24
Oct

Sisyphus Revisited

So lately I’ve been thinking of Sisyphus, the character from Greek mythology who was doomed for eternity to roll a huge boulder up a hill and watch it slide back down again before he could reach the top. In high school when we first read about him, I remember thinking this would be a bad way to spend eternity, as it would be constant boredom… doing the same thing over and over and over and over again for eternity. Now… I realize it would be worse.

You’d never do anything different, or fun, or challenging, or rewarding… or unexpectedly disappointing. You would just roll the rock up the slope, try to keep it moving, wondering “Will it begin to slide now? The next moment? The one after?” This tedious task would begin to dominate your thought processes and slowly consume your thinking. Your cognitive world would close in to just these thoughts, this task, this struggle.

What would it be like to think this way forever? Each new moment of powerlessness would feel like the previous ones. You’d walk the same steps over and over, and recall these same feelings over and over, since you actually were in the exact same state and exact same place as the last time you felt them, and if never aged… then you would be in the exact same moment as the last time you felt them. Your emotional world would close in to just these feelings. You would just recall the same memories over and over, and just feel the same feelings of powerlessness and frustration over and over, and just recognize the pointlessness of your work over and over.

So my job’s not that bad, but why have I been thinking of him?

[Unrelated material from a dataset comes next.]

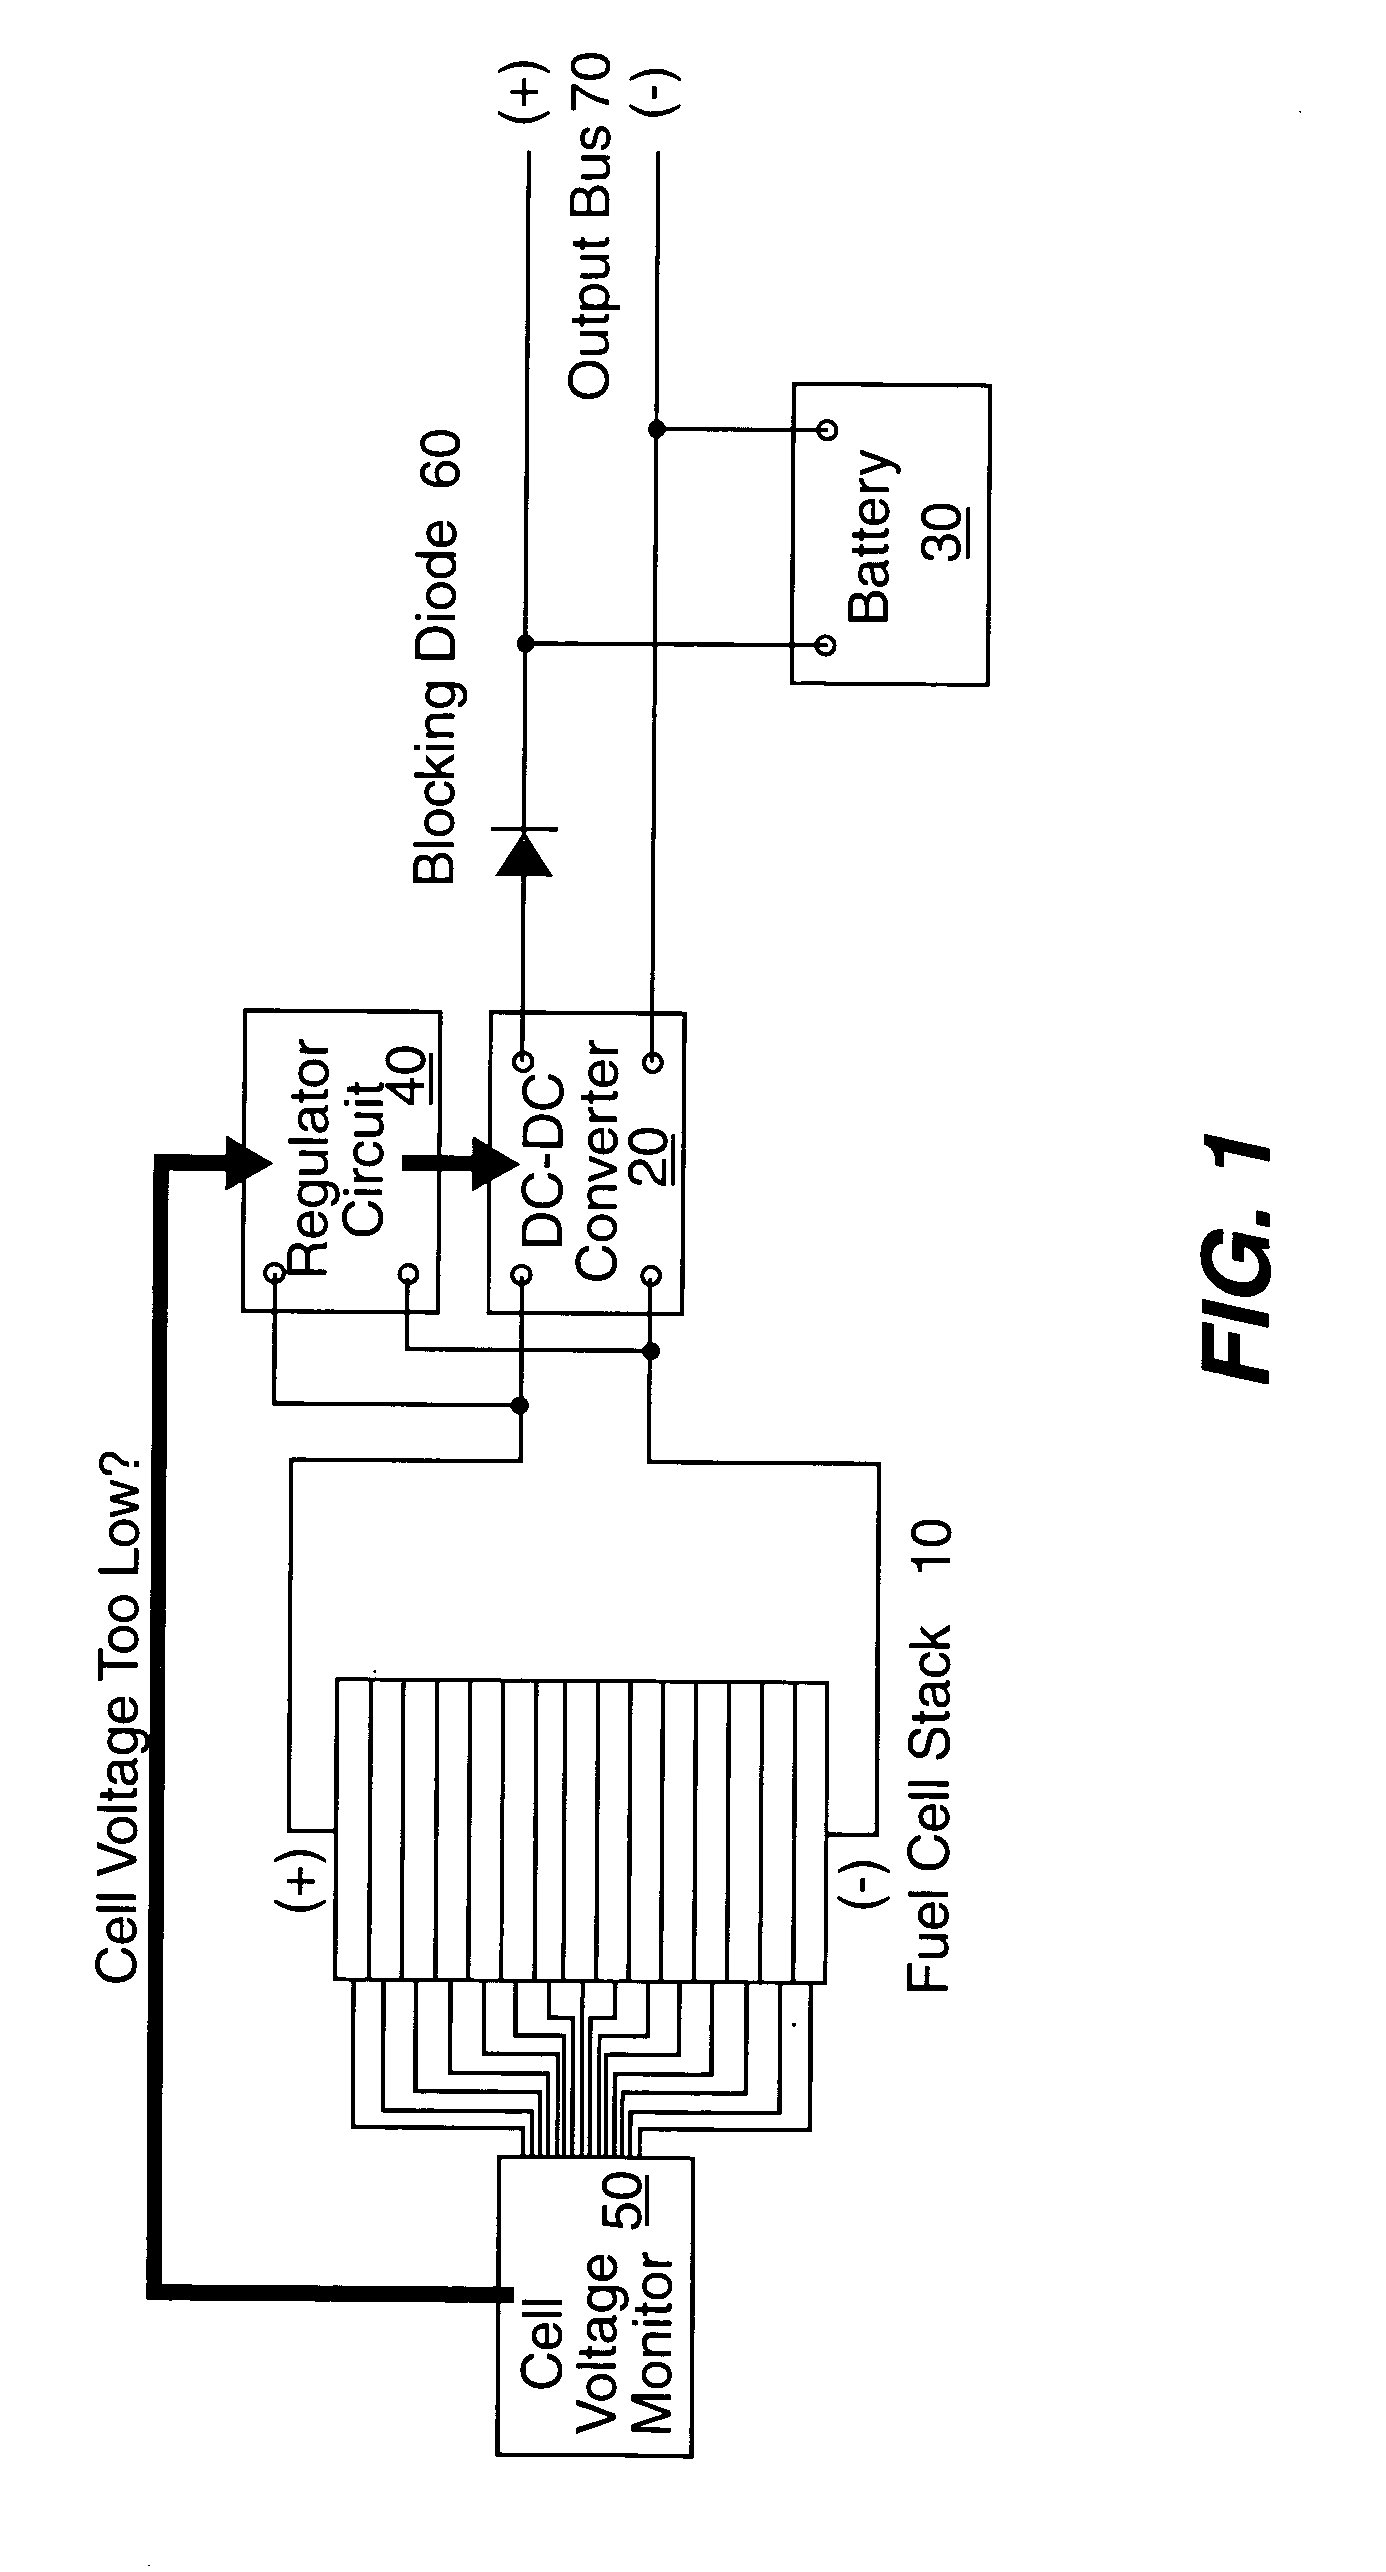 Apparatus and method for regulating hybrid fuel cell power system output

Lately, work has become mostly like pushing a rock up a hill. Nothing can be accomplished quickly or easily no matter how simple it is. Every issue needs ten emails with five people over three to four weeks to reach the point of discussing what we might do. I’ve started focusing mostly on the “pending” matters I need to continuously follow-up on. They never resolve so I can never finish what I started doing. They never move to “done” so I can focus on something new. Each time I check my inbox, I see more complaints about the same things; the longer a problem continues, the larger its scope and impact. Each email is a new moment of powerlessness, which I compare to the previous moment. This becomes tiring, so I stop reading email. Ironically, I realize this spreads the sense of powerlessness to others fairly effectively.

So what does this have to do with Getting Things Done?

  • This kind of environment makes it hard to “get in the flow” of productive work. It’s a constant interruption to once again follow up on something that’s not resolved, once again say “I don’t know because I haven’t heard back but I’ll ask again….” More and more things become “pending” and nothing moves to “done.” You never get the feeling of accomplishment or success.
  • This has started to consume my spare thought processes. The other day while walking home I thought, “I should start of list of Good Ideas I Finally Abandoned. It might be easier to let go of the fact that some reasonable things just can’t be accomplished now. It might be easier to think, “One day, when the situation changes, I will go back to this list and look up these ideas and try them again.” I would make the list and put things on it, but that’s one step closer to the point where I stop trying to be innovative.
  • This feels like being in exactly the same place as the last time. Time to nag someone again with an email I know won’t be answered, but if I send it, then follow up, then follow up again, THEN I can cc someone else and say I’m getting no response…. You just plan on wasting two weeks with things since you can’t get it done quickly or easily.

So like I said, it’s not as bad as being in hell. But what do I do to get out of the funk? That’s another post.